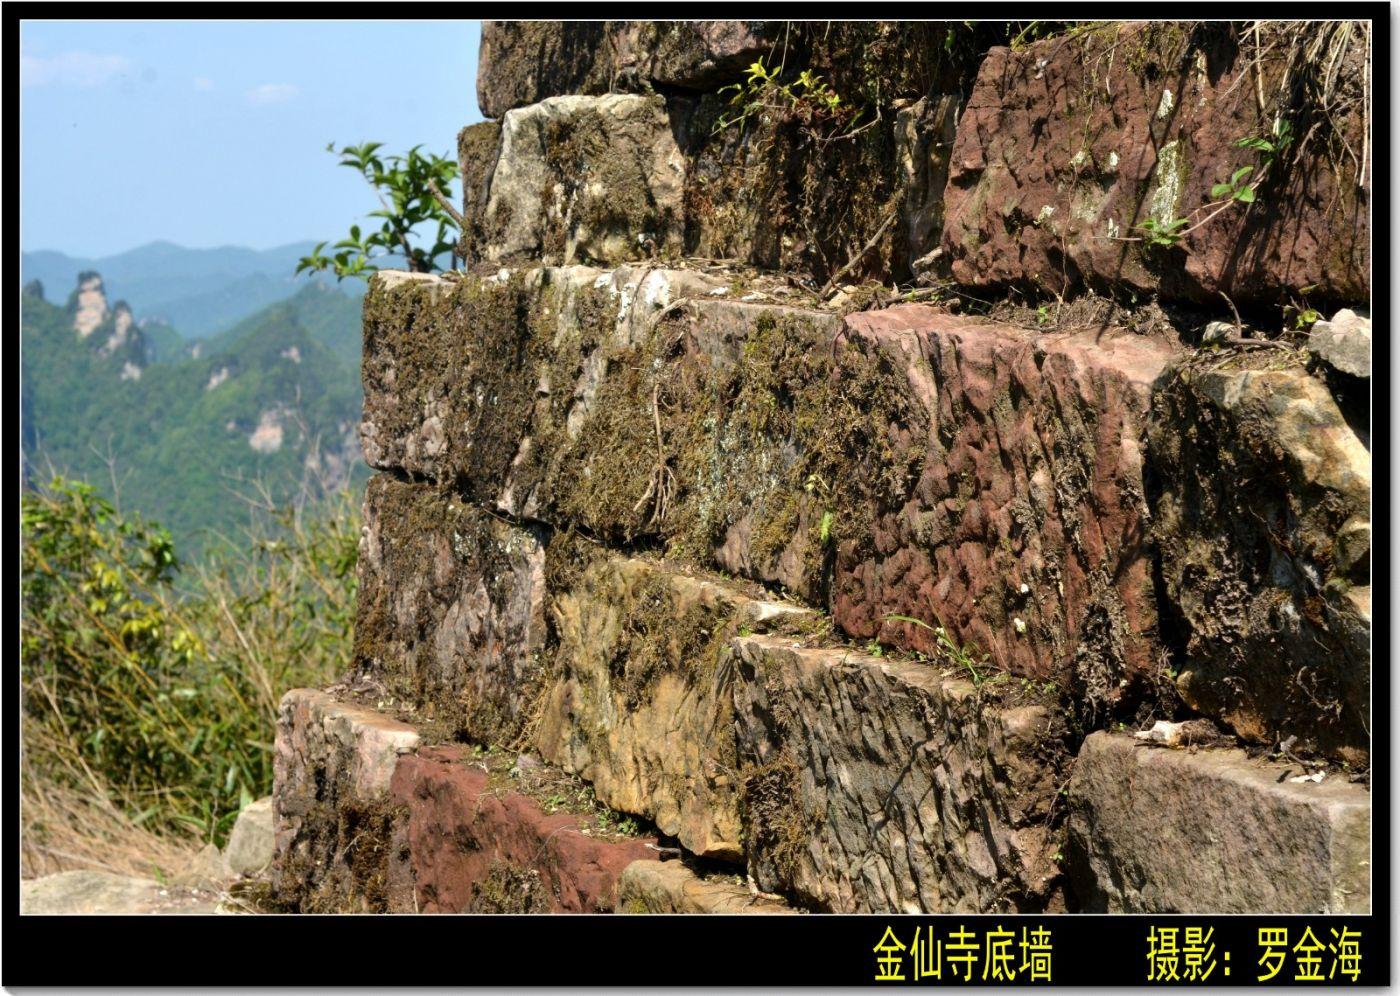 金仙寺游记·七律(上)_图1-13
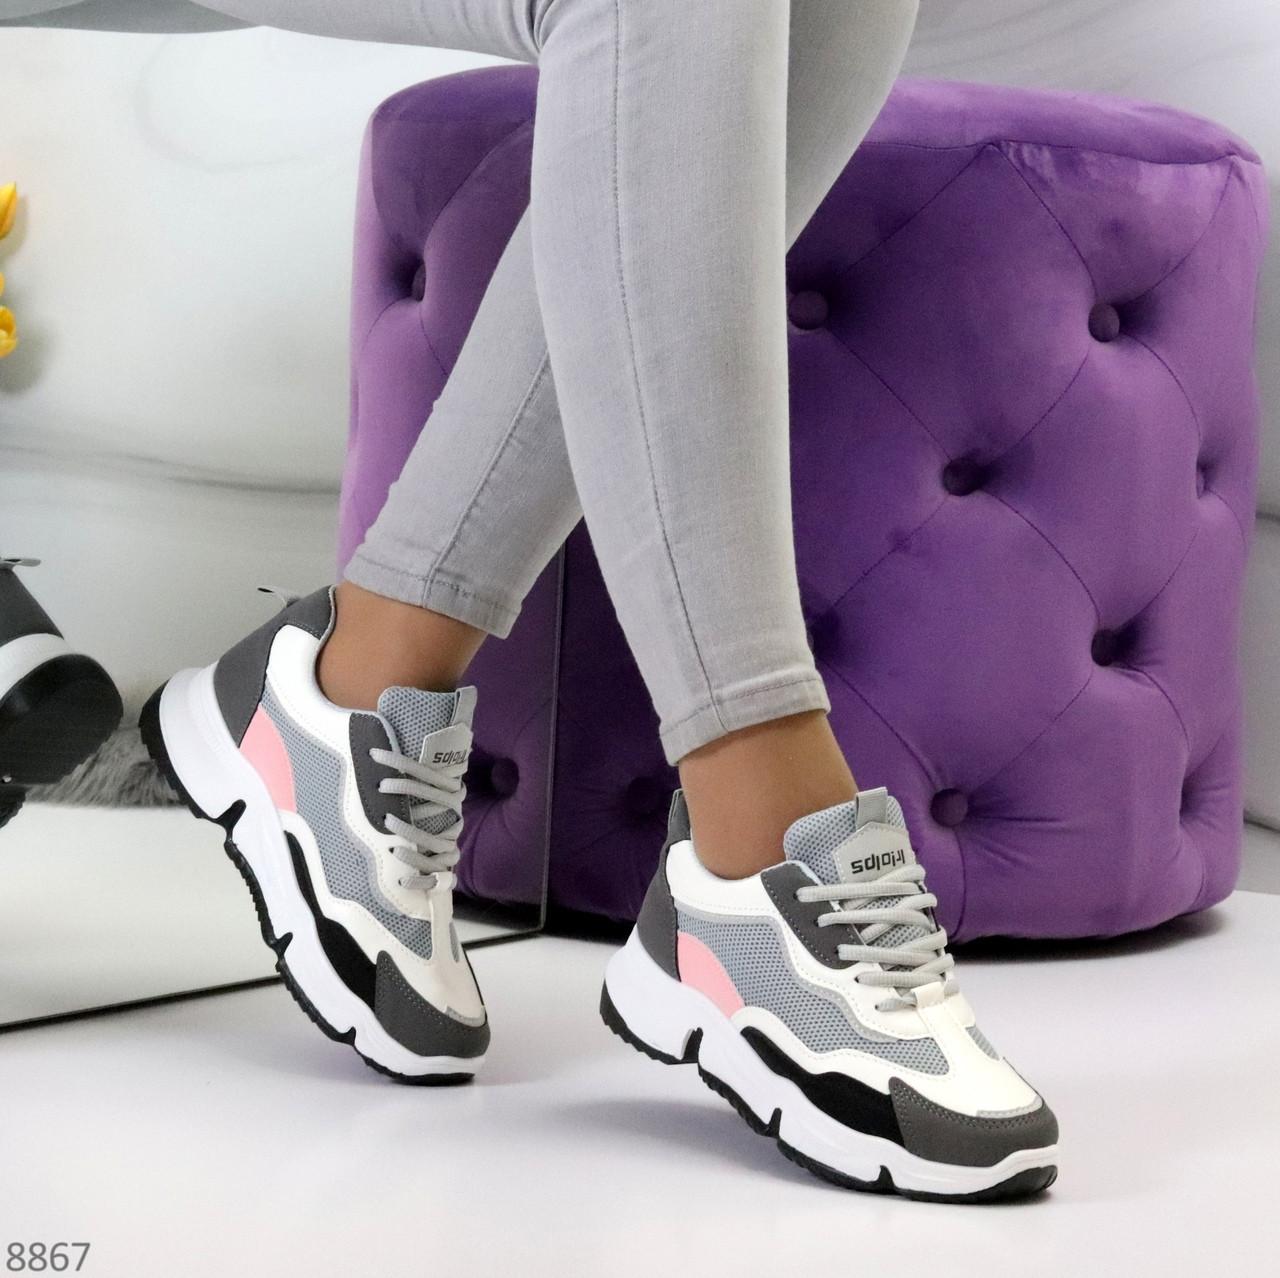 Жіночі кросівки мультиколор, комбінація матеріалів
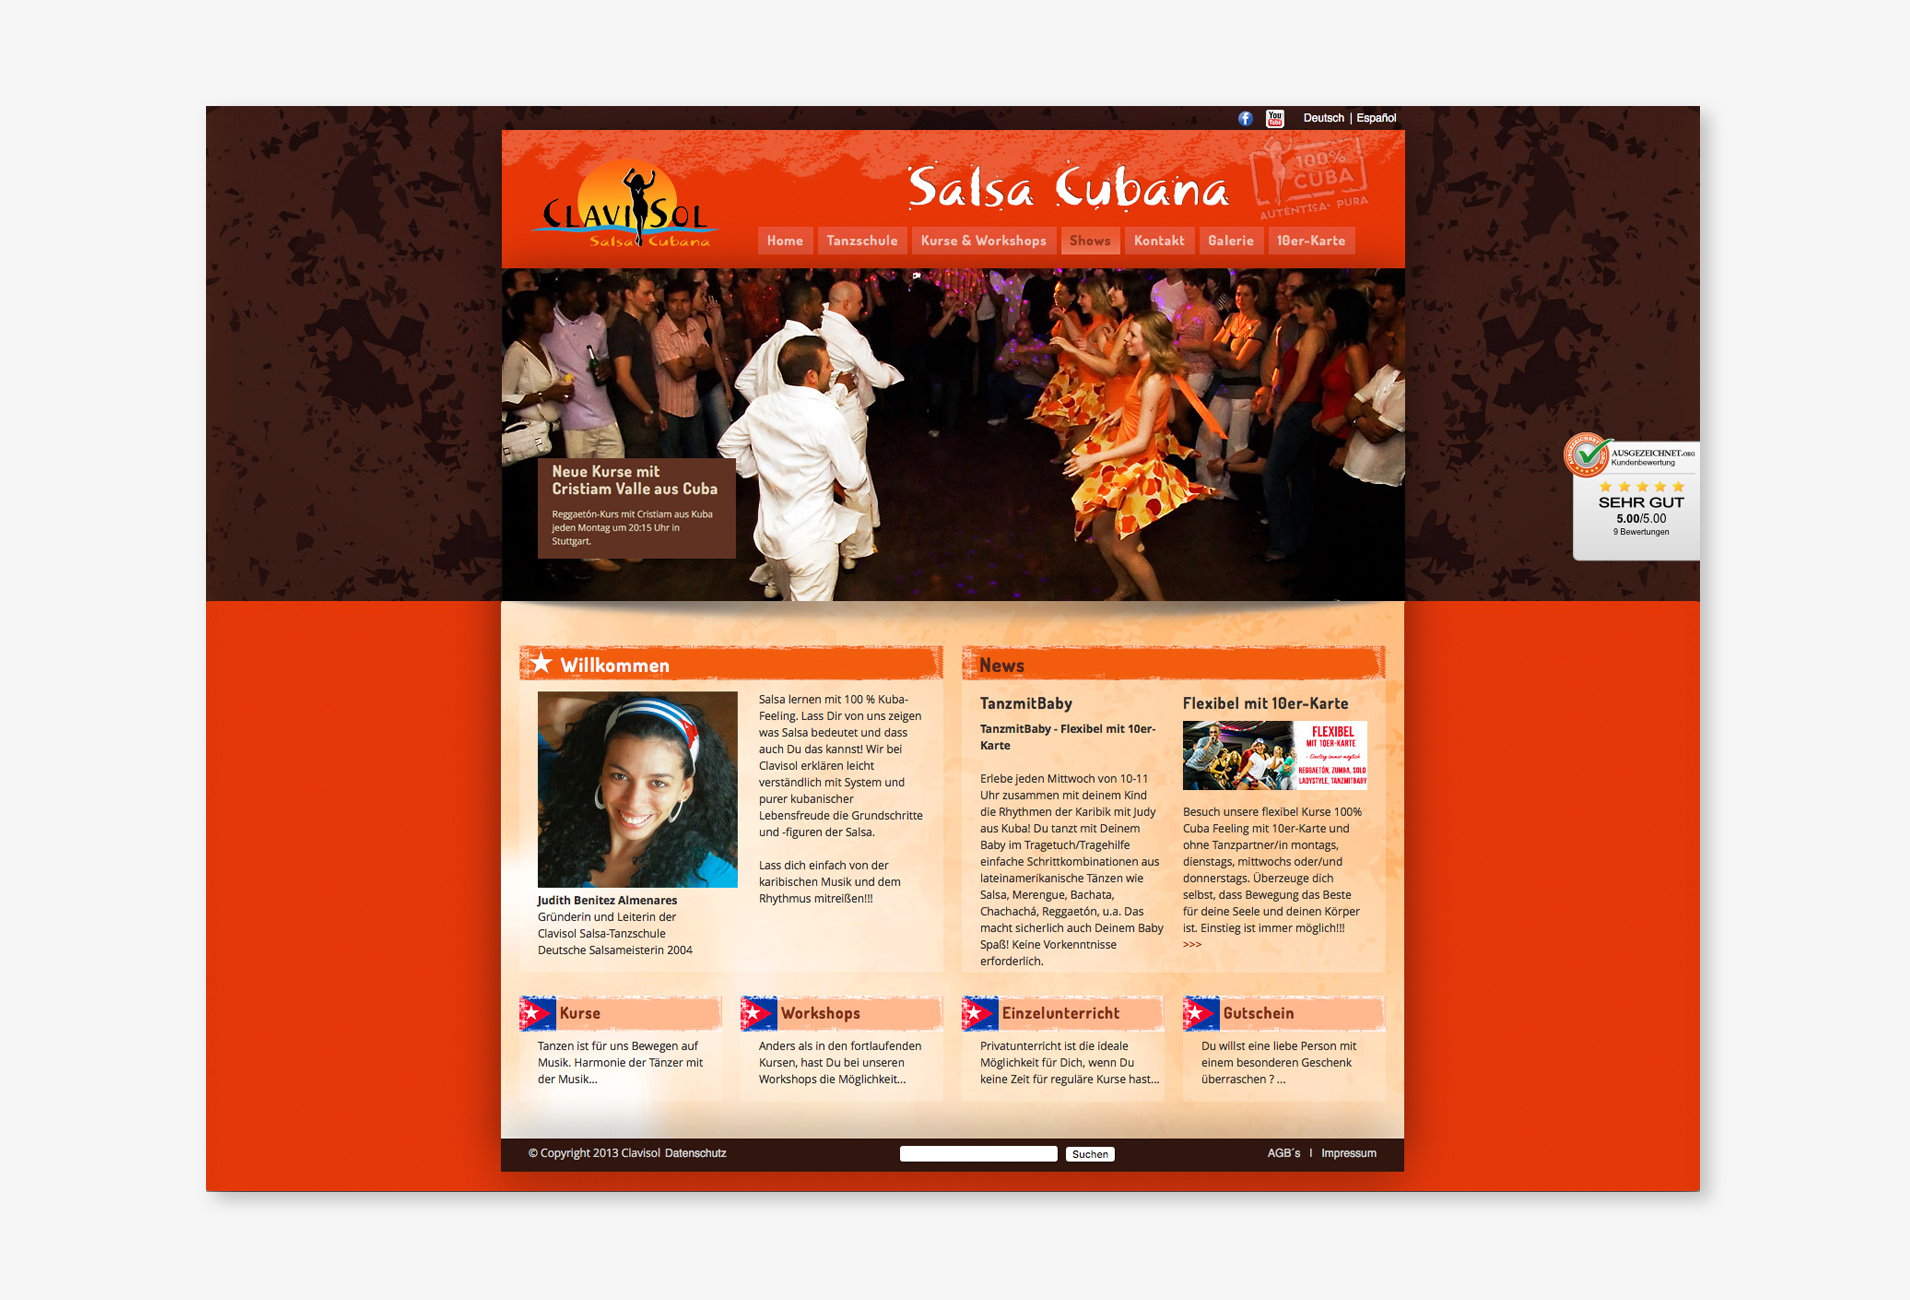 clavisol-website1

- - - - -

Brief: The data above should be restated exactly, with its images dropped.

Finished exercise:
 金仙寺游记·七律(上)_图1-13
 Жіночі кросівки мультиколор, комбінація матеріалів
 clavisol-website1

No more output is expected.